- [Task instructions]: Look below for the line containing "Young Man Sitting"; from there through the line containing "aquatan leather structured hobo bag", both lines included, please set down each line exactly and nothing else.

◇ ◇ ◇ ◇ ◇

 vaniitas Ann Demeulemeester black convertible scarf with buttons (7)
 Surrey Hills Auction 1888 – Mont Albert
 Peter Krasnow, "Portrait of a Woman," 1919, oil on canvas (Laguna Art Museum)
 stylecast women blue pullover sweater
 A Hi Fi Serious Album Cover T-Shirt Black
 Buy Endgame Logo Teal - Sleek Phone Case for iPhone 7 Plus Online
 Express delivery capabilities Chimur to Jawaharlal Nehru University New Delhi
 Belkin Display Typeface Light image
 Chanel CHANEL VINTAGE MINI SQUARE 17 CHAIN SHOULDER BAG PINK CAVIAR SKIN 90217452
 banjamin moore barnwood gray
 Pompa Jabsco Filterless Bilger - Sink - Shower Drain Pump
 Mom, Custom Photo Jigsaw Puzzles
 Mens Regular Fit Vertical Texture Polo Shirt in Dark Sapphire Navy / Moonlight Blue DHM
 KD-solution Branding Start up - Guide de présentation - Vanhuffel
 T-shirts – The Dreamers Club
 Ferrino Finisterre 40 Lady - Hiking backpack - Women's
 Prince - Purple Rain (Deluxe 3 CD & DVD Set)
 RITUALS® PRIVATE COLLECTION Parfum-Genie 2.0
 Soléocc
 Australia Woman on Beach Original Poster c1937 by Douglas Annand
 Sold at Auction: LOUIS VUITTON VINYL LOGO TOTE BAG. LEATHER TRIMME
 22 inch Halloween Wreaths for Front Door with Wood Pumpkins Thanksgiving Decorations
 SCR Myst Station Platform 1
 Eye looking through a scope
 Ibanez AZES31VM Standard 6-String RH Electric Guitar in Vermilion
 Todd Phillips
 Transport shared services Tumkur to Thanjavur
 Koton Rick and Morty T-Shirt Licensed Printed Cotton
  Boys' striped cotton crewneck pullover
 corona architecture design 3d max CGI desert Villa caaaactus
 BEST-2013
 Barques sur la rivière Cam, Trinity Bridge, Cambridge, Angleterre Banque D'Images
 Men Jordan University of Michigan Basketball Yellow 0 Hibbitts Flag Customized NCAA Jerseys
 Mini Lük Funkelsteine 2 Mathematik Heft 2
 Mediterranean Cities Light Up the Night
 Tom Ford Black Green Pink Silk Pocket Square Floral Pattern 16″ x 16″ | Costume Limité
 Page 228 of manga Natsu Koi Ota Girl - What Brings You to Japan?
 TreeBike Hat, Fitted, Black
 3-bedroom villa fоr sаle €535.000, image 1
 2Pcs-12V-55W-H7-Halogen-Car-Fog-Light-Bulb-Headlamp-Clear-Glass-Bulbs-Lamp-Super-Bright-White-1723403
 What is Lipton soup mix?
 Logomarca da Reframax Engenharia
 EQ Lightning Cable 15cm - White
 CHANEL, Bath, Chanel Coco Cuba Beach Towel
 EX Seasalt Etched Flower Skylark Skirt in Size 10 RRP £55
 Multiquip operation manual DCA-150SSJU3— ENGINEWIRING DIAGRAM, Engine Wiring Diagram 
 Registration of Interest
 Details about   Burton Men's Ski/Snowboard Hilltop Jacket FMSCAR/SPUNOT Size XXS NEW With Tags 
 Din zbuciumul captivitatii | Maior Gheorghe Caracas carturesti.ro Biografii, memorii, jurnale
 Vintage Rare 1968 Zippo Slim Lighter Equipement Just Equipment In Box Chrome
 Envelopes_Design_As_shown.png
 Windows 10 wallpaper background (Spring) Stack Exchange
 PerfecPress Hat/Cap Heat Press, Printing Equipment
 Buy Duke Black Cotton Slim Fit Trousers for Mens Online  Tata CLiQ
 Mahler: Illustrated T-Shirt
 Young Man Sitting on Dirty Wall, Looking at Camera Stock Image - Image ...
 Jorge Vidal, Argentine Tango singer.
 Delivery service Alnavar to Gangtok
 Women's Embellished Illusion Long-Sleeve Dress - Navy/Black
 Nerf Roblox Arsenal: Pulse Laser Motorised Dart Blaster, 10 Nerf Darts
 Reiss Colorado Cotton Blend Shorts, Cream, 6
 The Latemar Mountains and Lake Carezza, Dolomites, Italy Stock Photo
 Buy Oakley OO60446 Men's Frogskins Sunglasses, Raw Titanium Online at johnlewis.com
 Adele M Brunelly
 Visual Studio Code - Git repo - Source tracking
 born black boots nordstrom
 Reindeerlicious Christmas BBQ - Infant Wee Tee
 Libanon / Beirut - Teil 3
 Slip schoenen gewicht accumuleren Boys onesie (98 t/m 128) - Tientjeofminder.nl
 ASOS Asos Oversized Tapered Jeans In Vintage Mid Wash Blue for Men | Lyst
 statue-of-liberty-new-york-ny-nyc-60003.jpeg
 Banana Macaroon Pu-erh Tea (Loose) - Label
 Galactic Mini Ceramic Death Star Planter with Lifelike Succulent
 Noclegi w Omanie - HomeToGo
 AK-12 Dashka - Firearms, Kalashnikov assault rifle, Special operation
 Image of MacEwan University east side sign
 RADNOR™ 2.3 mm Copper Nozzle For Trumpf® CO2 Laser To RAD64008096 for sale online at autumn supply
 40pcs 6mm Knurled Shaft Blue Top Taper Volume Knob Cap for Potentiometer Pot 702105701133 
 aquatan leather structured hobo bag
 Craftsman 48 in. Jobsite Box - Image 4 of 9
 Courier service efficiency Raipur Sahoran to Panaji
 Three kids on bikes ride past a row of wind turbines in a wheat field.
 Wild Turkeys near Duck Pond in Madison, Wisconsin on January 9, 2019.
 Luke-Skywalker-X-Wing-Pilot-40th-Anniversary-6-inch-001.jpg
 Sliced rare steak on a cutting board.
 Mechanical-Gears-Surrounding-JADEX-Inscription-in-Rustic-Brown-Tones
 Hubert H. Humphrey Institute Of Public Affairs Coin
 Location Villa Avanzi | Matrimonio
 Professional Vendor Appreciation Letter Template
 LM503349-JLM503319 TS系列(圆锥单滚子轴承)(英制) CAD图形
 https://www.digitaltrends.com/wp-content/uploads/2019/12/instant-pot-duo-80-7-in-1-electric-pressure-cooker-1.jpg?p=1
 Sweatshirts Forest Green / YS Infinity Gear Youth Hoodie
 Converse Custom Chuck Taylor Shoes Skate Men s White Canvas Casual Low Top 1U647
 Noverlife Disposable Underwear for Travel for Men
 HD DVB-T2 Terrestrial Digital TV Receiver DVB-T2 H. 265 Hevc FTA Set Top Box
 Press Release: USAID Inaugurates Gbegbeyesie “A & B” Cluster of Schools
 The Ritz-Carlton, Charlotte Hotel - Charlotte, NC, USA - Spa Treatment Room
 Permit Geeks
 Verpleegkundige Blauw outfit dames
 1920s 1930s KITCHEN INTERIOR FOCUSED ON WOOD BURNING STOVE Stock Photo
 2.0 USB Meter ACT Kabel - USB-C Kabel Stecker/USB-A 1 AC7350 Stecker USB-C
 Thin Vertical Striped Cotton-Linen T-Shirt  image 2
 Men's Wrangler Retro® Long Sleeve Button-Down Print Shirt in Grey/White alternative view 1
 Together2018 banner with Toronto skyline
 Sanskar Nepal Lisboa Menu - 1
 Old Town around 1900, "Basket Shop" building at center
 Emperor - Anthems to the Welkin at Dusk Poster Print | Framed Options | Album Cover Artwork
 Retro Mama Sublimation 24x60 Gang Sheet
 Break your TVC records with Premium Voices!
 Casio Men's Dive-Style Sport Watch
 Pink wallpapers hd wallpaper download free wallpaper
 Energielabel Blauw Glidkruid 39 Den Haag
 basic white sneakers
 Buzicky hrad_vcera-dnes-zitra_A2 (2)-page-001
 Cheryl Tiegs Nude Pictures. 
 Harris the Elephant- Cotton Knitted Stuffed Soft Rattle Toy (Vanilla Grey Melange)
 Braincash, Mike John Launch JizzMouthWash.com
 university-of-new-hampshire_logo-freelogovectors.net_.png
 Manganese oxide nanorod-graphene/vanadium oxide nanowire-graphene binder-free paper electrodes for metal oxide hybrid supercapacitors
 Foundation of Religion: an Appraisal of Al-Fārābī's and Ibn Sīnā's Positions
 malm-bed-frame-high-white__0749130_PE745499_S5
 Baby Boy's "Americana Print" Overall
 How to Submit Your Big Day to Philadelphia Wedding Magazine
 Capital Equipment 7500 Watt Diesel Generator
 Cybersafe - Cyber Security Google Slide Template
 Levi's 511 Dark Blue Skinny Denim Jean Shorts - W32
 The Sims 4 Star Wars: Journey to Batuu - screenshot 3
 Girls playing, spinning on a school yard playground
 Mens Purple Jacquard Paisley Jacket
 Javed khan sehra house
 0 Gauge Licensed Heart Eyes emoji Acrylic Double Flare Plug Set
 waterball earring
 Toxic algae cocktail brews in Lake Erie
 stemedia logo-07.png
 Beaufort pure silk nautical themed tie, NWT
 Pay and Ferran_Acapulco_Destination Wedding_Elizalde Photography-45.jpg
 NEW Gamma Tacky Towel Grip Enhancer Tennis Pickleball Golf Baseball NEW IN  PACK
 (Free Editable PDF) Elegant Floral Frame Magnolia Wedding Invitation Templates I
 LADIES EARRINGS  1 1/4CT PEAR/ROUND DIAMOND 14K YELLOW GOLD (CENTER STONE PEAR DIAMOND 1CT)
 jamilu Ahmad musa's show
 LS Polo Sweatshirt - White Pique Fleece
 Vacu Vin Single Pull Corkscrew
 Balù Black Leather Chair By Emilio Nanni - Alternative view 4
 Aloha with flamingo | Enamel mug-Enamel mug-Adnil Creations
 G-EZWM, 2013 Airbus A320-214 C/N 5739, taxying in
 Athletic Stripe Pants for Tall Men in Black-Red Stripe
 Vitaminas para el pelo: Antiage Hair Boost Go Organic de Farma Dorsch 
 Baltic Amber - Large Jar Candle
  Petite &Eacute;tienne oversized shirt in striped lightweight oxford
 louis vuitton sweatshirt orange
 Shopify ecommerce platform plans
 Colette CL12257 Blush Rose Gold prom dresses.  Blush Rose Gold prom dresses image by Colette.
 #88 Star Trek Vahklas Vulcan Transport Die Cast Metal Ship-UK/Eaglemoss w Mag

◇ ◇ ◇ ◇ ◇

- [Response area]:
 Young Man Sitting on Dirty Wall, Looking at Camera Stock Image - Image ...
 Jorge Vidal, Argentine Tango singer.
 Delivery service Alnavar to Gangtok
 Women's Embellished Illusion Long-Sleeve Dress - Navy/Black
 Nerf Roblox Arsenal: Pulse Laser Motorised Dart Blaster, 10 Nerf Darts
 Reiss Colorado Cotton Blend Shorts, Cream, 6
 The Latemar Mountains and Lake Carezza, Dolomites, Italy Stock Photo
 Buy Oakley OO60446 Men's Frogskins Sunglasses, Raw Titanium Online at johnlewis.com
 Adele M Brunelly
 Visual Studio Code - Git repo - Source tracking
 born black boots nordstrom
 Reindeerlicious Christmas BBQ - Infant Wee Tee
 Libanon / Beirut - Teil 3
 Slip schoenen gewicht accumuleren Boys onesie (98 t/m 128) - Tientjeofminder.nl
 ASOS Asos Oversized Tapered Jeans In Vintage Mid Wash Blue for Men | Lyst
 statue-of-liberty-new-york-ny-nyc-60003.jpeg
 Banana Macaroon Pu-erh Tea (Loose) - Label
 Galactic Mini Ceramic Death Star Planter with Lifelike Succulent
 Noclegi w Omanie - HomeToGo
 AK-12 Dashka - Firearms, Kalashnikov assault rifle, Special operation
 Image of MacEwan University east side sign
 RADNOR™ 2.3 mm Copper Nozzle For Trumpf® CO2 Laser To RAD64008096 for sale online at autumn supply
 40pcs 6mm Knurled Shaft Blue Top Taper Volume Knob Cap for Potentiometer Pot 702105701133 
 aquatan leather structured hobo bag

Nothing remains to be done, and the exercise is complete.